Подружились приходившие по ночам колхозники и с печником-коптильщиком Захаром и часто приносили всякого мяса, чтобы он скоптил для них. Большущая коптильная печь Захара стояла на берегу речки чуть дальше бани, и почти всегда из ее трубы выносился вкусный соленоватый дымок, сразу же растворявшийся в свежем воздухе.

Работала теперь в Новых Палестинах и школа, и была в ней настоящая школьная доска и мел, украденные по просьбе красноармейцев из настоящей сельской школы ближайшего колхоза. И выводили по вечерам на этой доске пришедшие по «графику грамотности» пятеро бойцов, пятеро строителей, пятеро крестьян и восемь разновозрастных детей, из которых самому младшему было годика три с половиной, выводили разные письменные мысли, среди которых чаще всего встречались «мы не рабы, рабы не мы».

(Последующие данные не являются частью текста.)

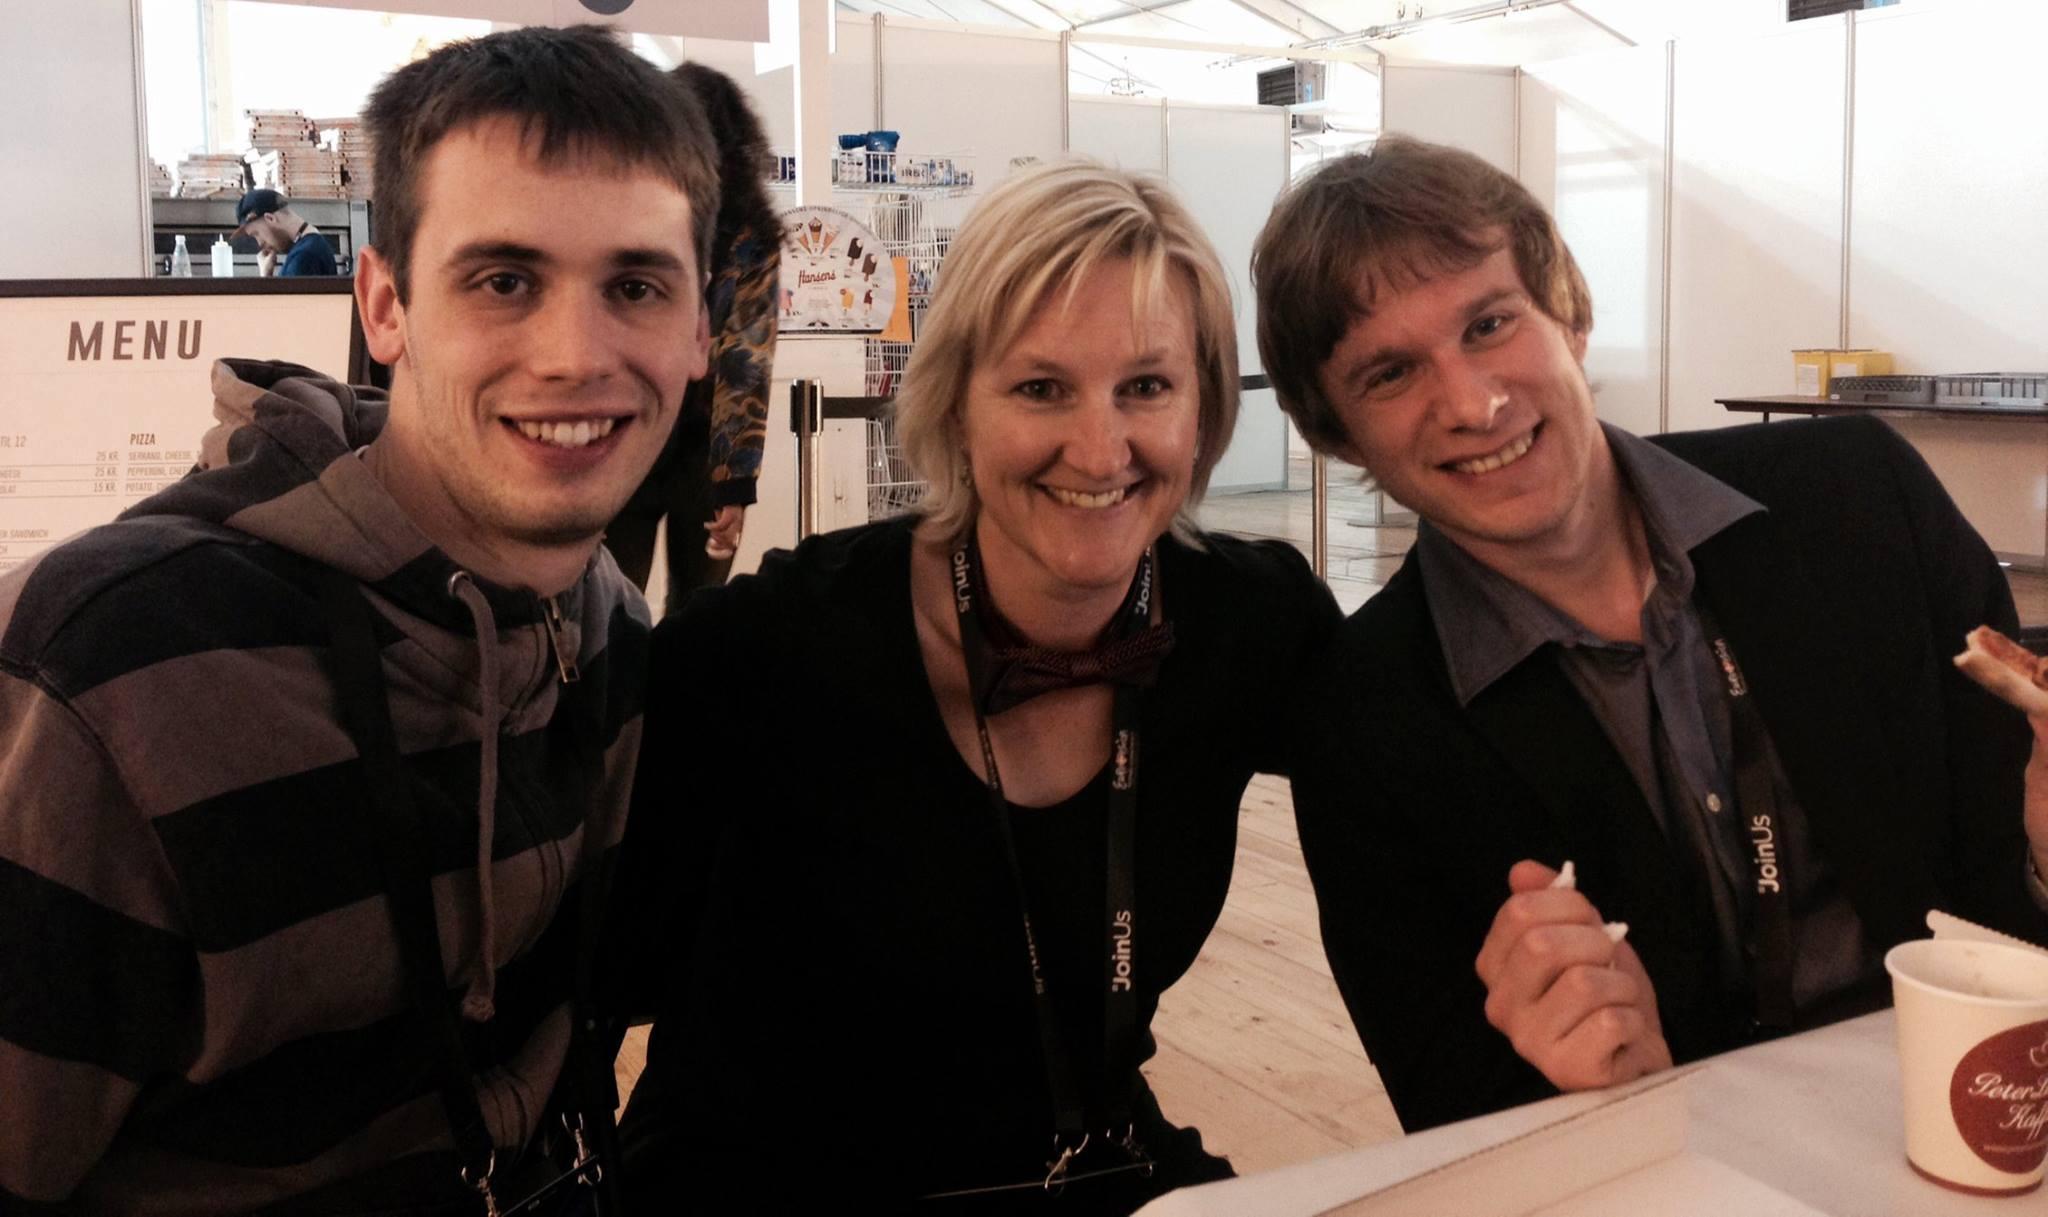 Vladislav Yakovlev, Kath Lockett, Luke Fisher

В скором будущем в Новых Палестинах ждали прибавления населения: три бабы, все молодые, ходили толстые и беременные, и только про одну из них было известно, что является она как бы женой горбуна-счетовода. А чьи были остальные жены, никто не знал.

Архипка-Степан от общественных дел отдалился. Днями спал, а по ночам сидел на траве, кутаясь в подаренное Трофимом одеяло, выменянное перед этим на две пары сапог у крестьян ближайшего колхоза. Сидел он так на траве и всегда в небо глядел, выискивая глазами всякие звезды и что-то думая.

Приходил к нему однажды главный дезертир, с которым вместе они путь начинали к Новым Палестинам. Спрашивал, не знает ли он еще какой-нибудь звезды путеуказующей. Показал ему Архипка-Степан одну маленькую неприметную, и той же ночью ушел главный дезертир, навсегда ушел, потому как не почувствовал он вроде в Новых Палестинах ничего радостного.

Так и время подкатывалось постепенно к глубокой осени, и стали подумывать уже многие крестьяне о грядущем урожае, а для того, чтобы собрать его и спрятать в построенных строителями амбарах, договорились уже крестьяне с соседскими колхозниками о том, что по ночам будут к ним в помощь трактора приезжать.

Так и длилась жизнь новопалестинская, если и не совсем иногда справедливая и счастливая, зато понятная каждому и простая, как человеческая пятка.

Глава 27

Винты грязно-зеленого бомбардировщика громко пели свою бессмысленную песню. Эта песня сотрясала железную машину, сотрясала и все находившееся в ней, включая летчика, уверенно державшего штурвал, и народного контролера, сидевшего сзади у иллюминатора. От этого мощного пения даже котомка Добрынина, заполненная его личным топором и доказательствами преступлений Кривицкого, ездила с глуховатым бренчанием по железному полу. Но не смущало это Добрынина. Второй полет воспринимался народным контролером как уже что-то обычное и обыденное, как чтение хорошей книги или поедание пищи. И поэтому занят был Павел Александрович Добрынин больше размышлениями, чем ощущениями полета.

Думал он о погибших контролерах, тела которых так и остались во льду речки Омолой, думал о хороших военных, всегда готовых прийти на помощь, и, конечно, о своем спасителе – человеке-народе Дмитрии Ваплахове. Удивительно было Добрынину, что такой простой, но честный человек, как он сам, смог, прибыв в чужое и чуждое по своей погоде место, навести в нем справедливый порядок, и хотя был он уверен, что справедливость, созданная им, еще далеко не полная, но то, что это все-таки была справедливость, – его радовало сильно и искренне.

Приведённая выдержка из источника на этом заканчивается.